Даниил, видимо, не услышал, и Алик спросил громче.
— Что же было дальше?
— Дальше? — Даниил взглянул на Алика, будто хотел убедиться, догадывается ли тот, почему он рассказывает ему об Ирине. — Дальше случилось то, что обычно случается с шестнадцатилетним мальчишкой, когда он влюбляется и девушка представляется ему ангелом. Не проходило, кажется, дня, чтобы я не писал ей писем. Писал и рвал. Сколько я тогда стихов ей посвятил! Все влюбленные, по-видимому, пишут стихи.
— Не все.
Даниил так взглянул на Алика, что он уже ждал — вот-вот Даниил скажет: «Как? Вы были влюблены и не писали стихов?» Вместо этого он услышал:
— Возможно, что я ошибаюсь. Но тогда… Несколько стихотворений я все-таки ей переслал, с Толей переслал. Толя был единственный человек, которому я доверился — рассказал о порванных письмах, читал ему свои стихи. Стихи были грустные. Читая их, хотелось плакать… Думаете, я не плакал?

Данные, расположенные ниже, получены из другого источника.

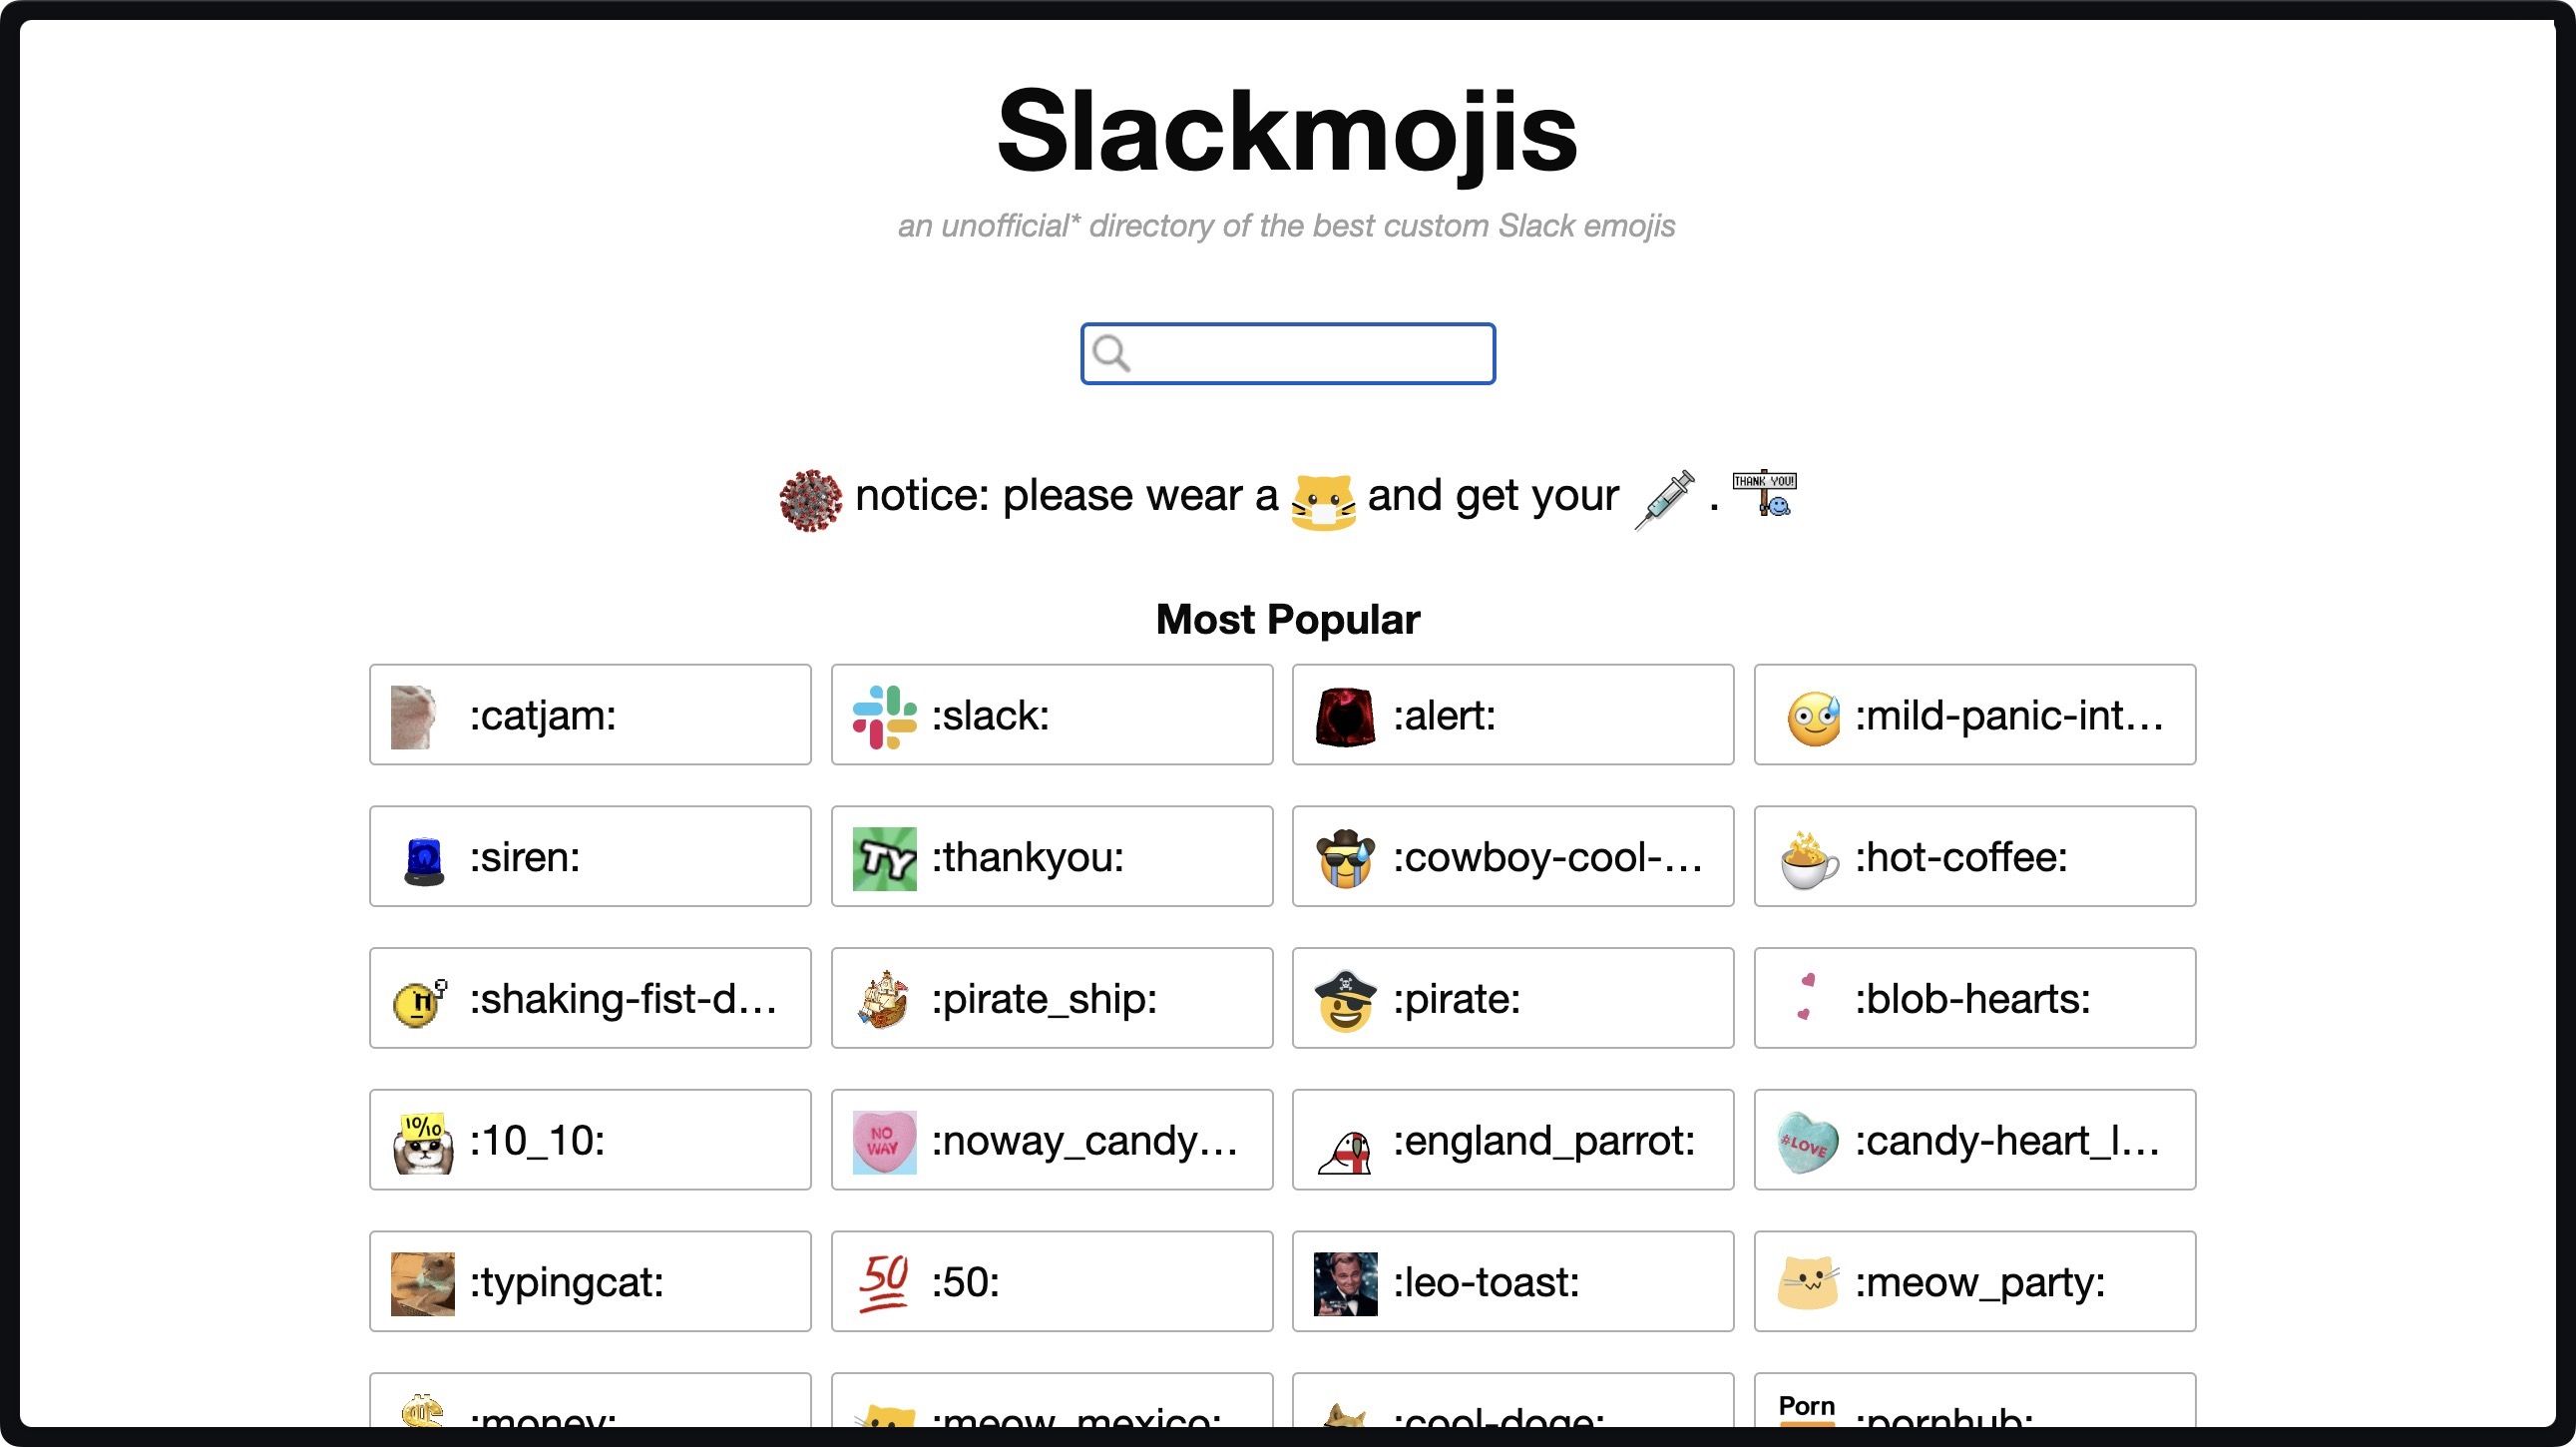 Slackmojis Home page screenshot

С ближайшего двора налетел ветерок, качнул деревья на сквере, смел снег с занесенных скамеек и пропал.
— В моем дневнике стали появляться двойки, даже колы, — подставляя лицо падающим снежинкам, продолжал Даниил тоном человека, ведущего разговор с самим собой, — я стал пропускать уроки, часами простаивал под окнами ее школы, ждал, когда она выйдет. Ни разу не подошел к ней, а издали брел следом, стараясь, чтобы она меня не заметила. Чего только я тогда не придумывал! Представлял себе, что стал знаменитым. Ирина приходит на вокзал встречать меня и не может протиснуться к моему вагону. Играет музыка, меня засыпают цветами… Когда тебе шестнадцать лет и ты влюблен, тебе ничего не стоит увидеть себя плывущим на льдине к полюсу, на корабле, летящем к звездам, или уговорить себя, что Гитлер жив и прячется где-то в джунглях, а ты под видом странника отправляешься на поиски. Тебе, конечно, удается поймать его и привезти в Москву — пусть его судят. В газетах напечатаны твои портреты, и ты становишься Героем Советского Союза…

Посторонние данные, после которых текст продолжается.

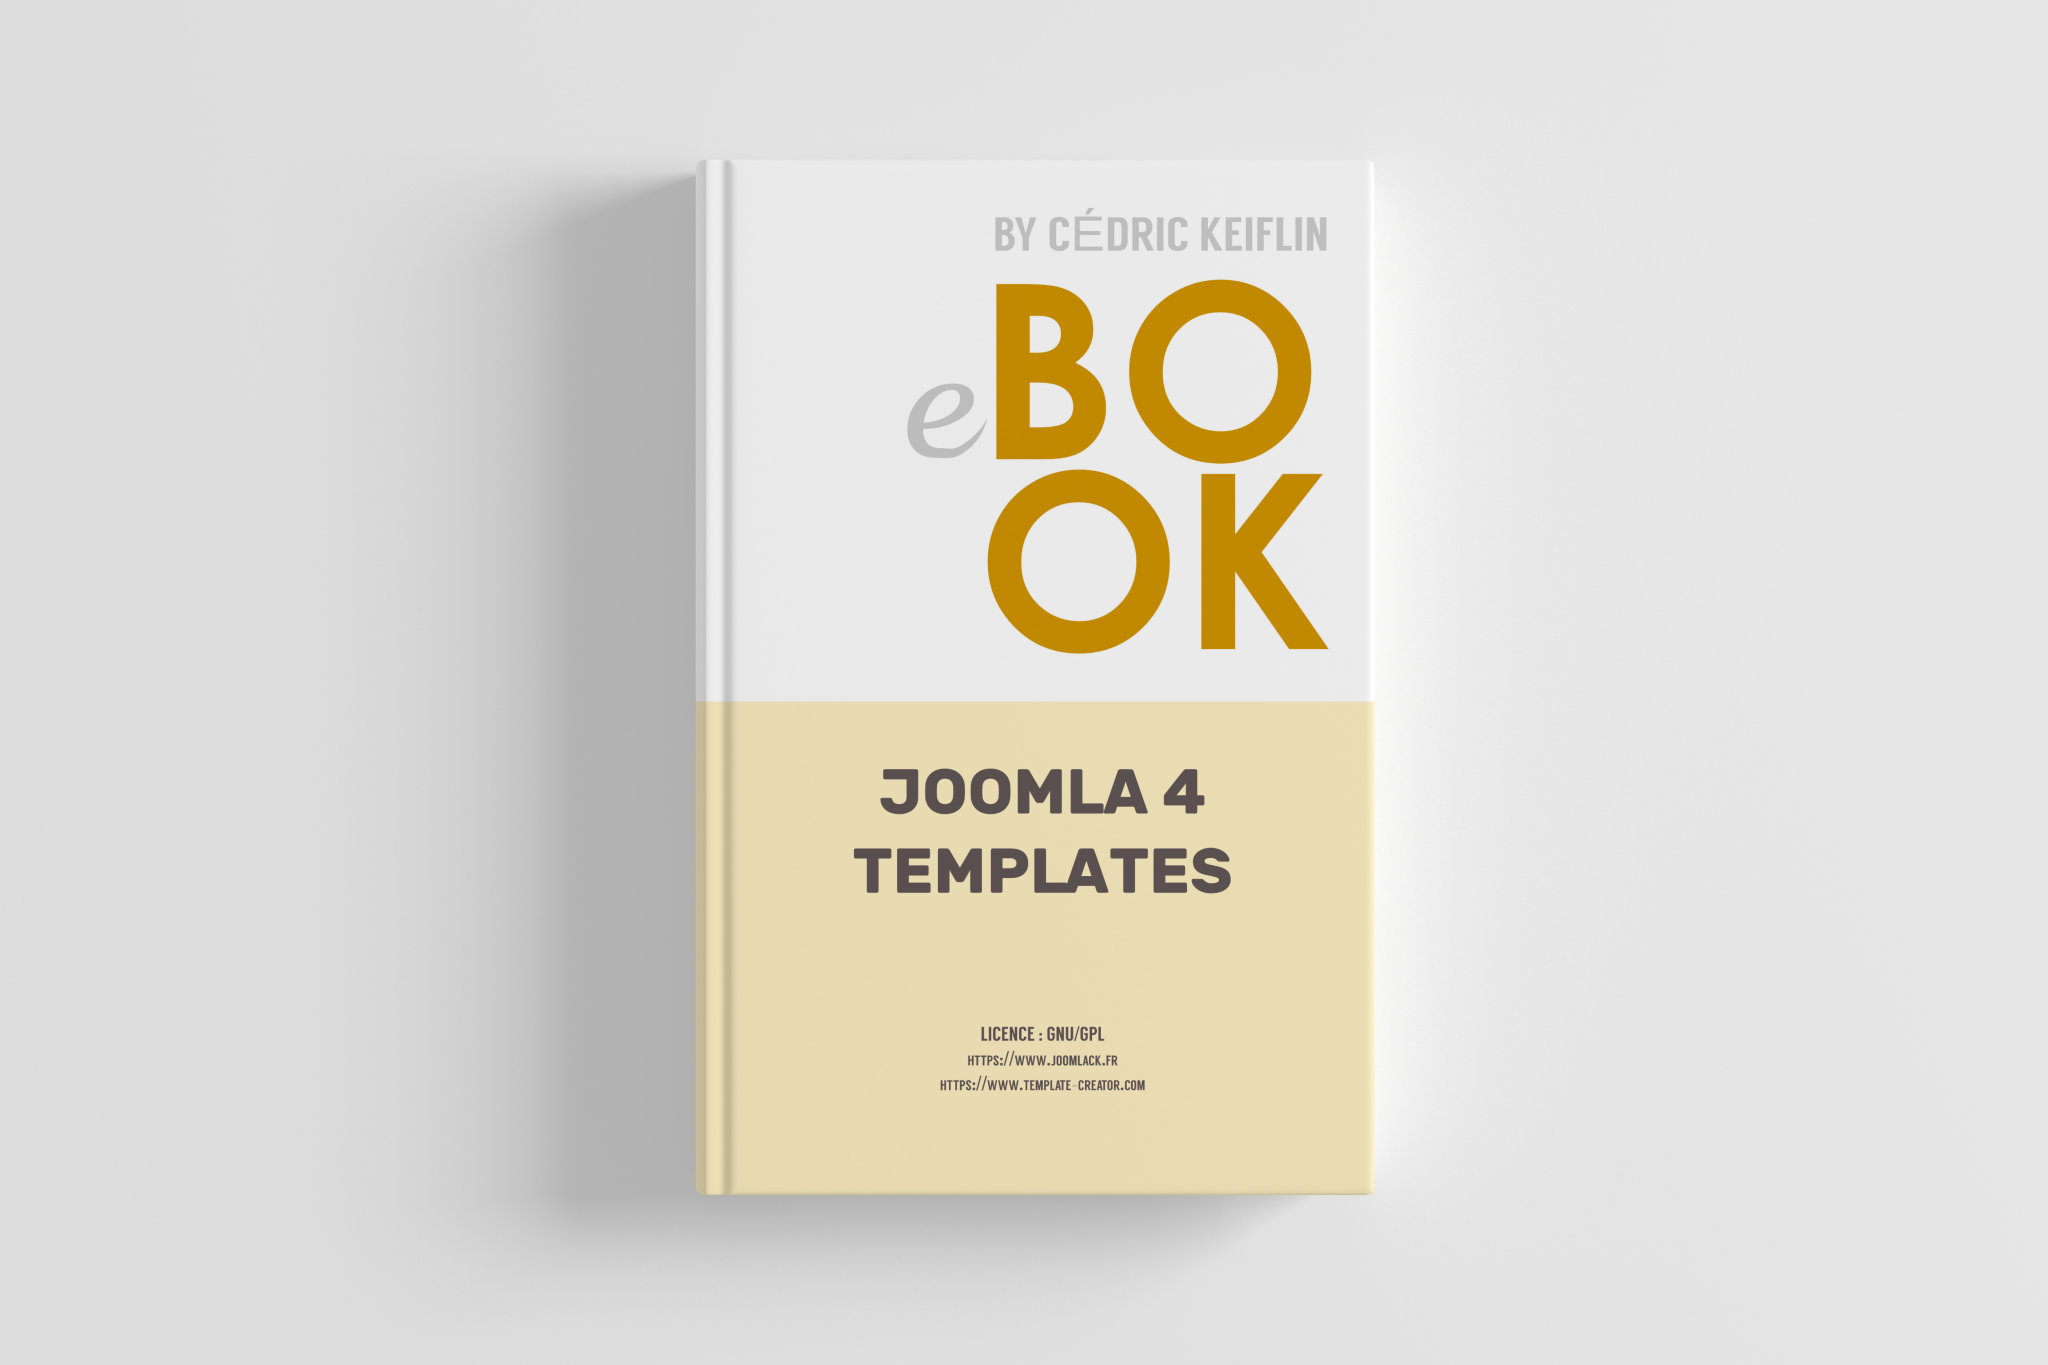 Joomla 4 templates book guide

Раскаленное «М» станции метро «Таганская» погасло раньше, чем они вступили на Яузский мост. Даниил не останавливался. Он шел уверенным шагом человека, знающего, куда и зачем идет. Алик, несколько часов назад искавший сходство между Аниным отцом и своим, теперь искал сходство между своим новым знакомым Даниилом и бывшим другом Борисом.

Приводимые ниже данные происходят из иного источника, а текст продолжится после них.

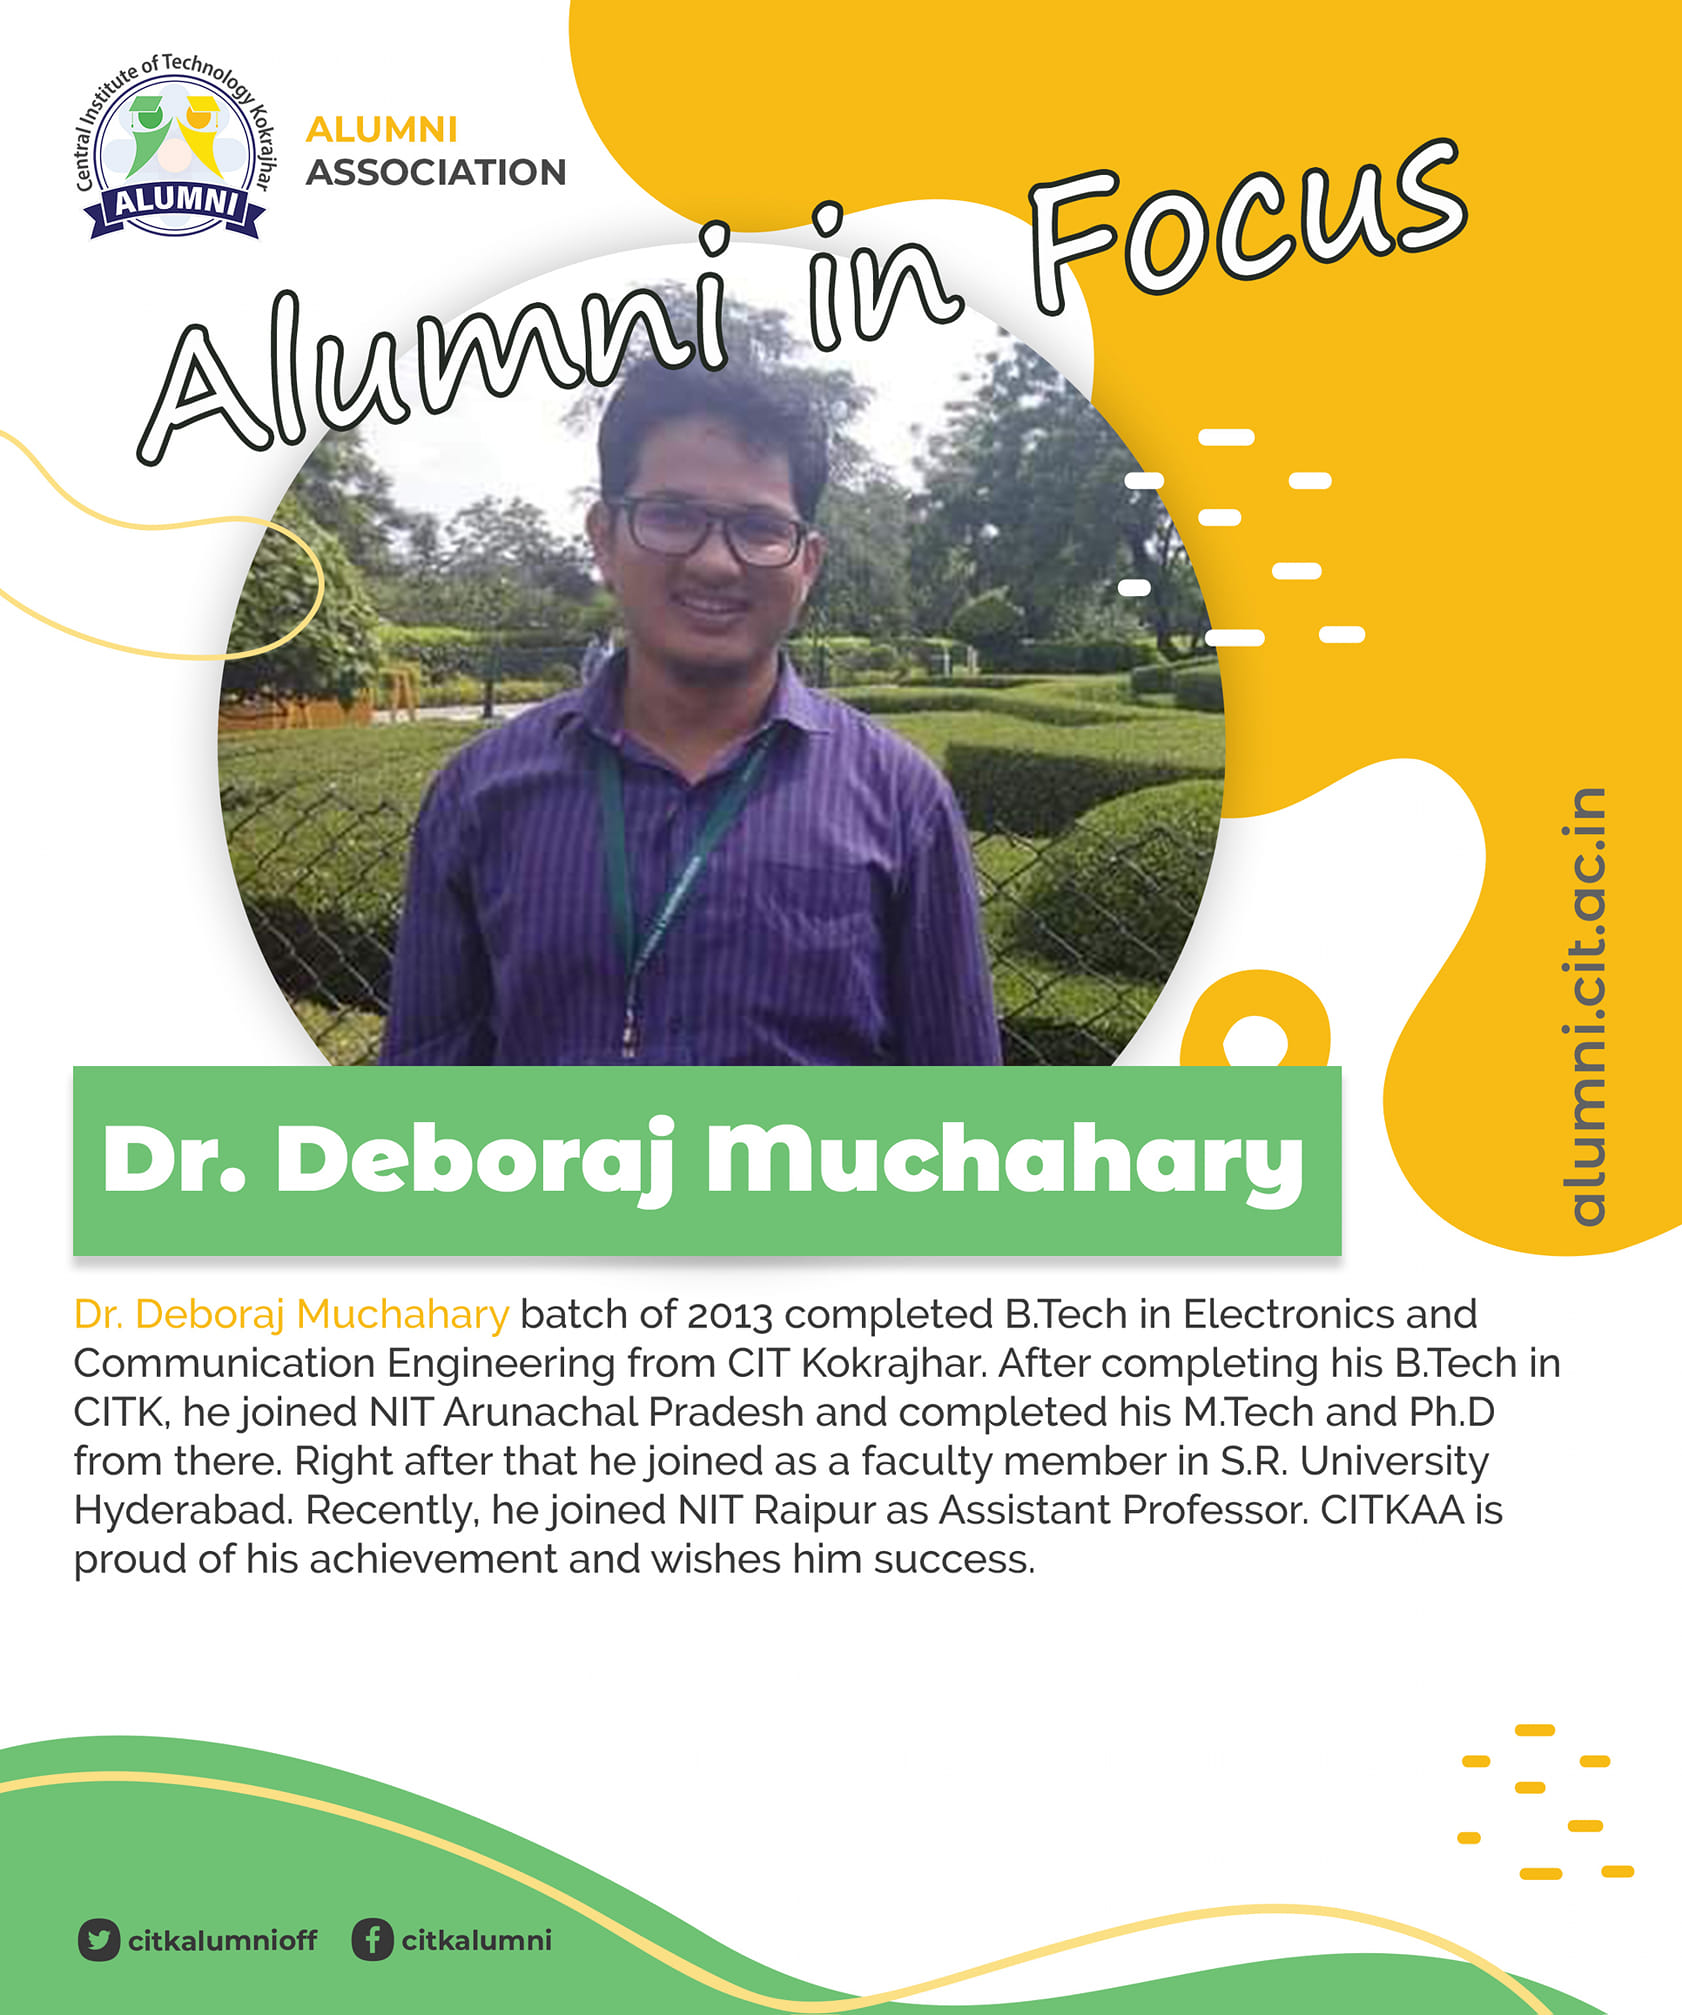 Dr. Deboraj Muchahary

— Помните чеховский рассказ о двух мальчиках, отправившихся путешествовать по свету и задержанных в городе, в Гостином дворе? К пятнадцати-шестнадцати годам мы так же романтичны и решительны. Кто в ту пору думает о границах, буранах, штормах? Складываешь в рюкзачок все, что попадается под руку, и — айда в путь! Что скажет Ирина, когда узнает, что я скитаюсь по джунглям, пересекаю на верблюде пустыню, дерусь в Африке с английскими и американскими плантаторами? Единственный человек, которому я рассказал об этом, был Толя. Однажды Толя пришел ко мне домой и сообщил, что познакомился с капитаном парохода, отправляющегося за границу, что рассказал капитану обо мне и тот согласился взять меня с собой. Нужно только, чтобы я написал заявление. Заявление передал я Толе, обещавшему через два-три дня познакомить меня с капитаном. Но познакомились мы раньше. Назавтра в три часа ночи меня разбудили и увели туда, откуда, как мне сообщили на первом допросе, никто не возвращается. Мне вкатили пятнадцать лет, почти столько же, сколько лет мне тогда было. И вот теперь являются и хотят мне указывать — что запомнить и что забыть.
— Разве это можно забыть? — тяжело переводя дыхание, спросил Алик.
— По-видимому, можно. Но не это самое страшное в истории, что я вам рассказываю. Подлость, наручники, одиночные камеры, допросы, карцеры, этапы — это было во все времена. Страшно другое…
Прошло несколько минут, прежде чем Даниил снова заговорил.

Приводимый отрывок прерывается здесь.